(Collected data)
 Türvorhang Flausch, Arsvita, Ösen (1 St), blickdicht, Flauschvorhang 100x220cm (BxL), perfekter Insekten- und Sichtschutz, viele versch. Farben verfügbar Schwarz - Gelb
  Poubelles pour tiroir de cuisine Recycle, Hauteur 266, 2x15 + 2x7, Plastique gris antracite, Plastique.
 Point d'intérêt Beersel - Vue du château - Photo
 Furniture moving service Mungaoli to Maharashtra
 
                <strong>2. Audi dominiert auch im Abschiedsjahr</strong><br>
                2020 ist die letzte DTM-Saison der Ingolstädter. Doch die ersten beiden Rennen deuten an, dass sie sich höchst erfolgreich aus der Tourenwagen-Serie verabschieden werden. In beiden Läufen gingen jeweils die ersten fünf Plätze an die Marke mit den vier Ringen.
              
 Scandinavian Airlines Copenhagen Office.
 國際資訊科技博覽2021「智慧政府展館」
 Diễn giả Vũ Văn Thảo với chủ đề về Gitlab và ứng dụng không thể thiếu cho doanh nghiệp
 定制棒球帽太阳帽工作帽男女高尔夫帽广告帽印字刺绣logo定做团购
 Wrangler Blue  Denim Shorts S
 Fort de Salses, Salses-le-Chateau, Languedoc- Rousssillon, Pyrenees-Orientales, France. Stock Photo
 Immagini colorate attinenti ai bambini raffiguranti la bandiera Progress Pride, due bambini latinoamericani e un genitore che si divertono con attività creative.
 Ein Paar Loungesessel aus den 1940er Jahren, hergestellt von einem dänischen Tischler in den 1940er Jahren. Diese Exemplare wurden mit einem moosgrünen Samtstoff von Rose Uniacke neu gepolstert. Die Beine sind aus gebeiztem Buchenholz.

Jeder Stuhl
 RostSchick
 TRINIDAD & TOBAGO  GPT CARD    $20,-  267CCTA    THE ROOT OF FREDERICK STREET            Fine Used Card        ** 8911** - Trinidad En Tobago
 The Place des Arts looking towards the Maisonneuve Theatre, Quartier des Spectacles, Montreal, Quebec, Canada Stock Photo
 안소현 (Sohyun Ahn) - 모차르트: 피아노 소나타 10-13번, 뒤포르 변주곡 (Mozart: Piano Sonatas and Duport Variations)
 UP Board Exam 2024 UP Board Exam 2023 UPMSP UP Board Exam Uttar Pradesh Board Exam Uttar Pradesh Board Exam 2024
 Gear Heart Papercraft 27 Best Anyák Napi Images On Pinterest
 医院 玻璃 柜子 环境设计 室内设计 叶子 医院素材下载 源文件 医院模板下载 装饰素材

- **TASK TO COMPLETE**:
The string "Stock" appears on some lines of the data above; report how many such lines there are, as a bare number.

- **ANSWER BELOW**:
2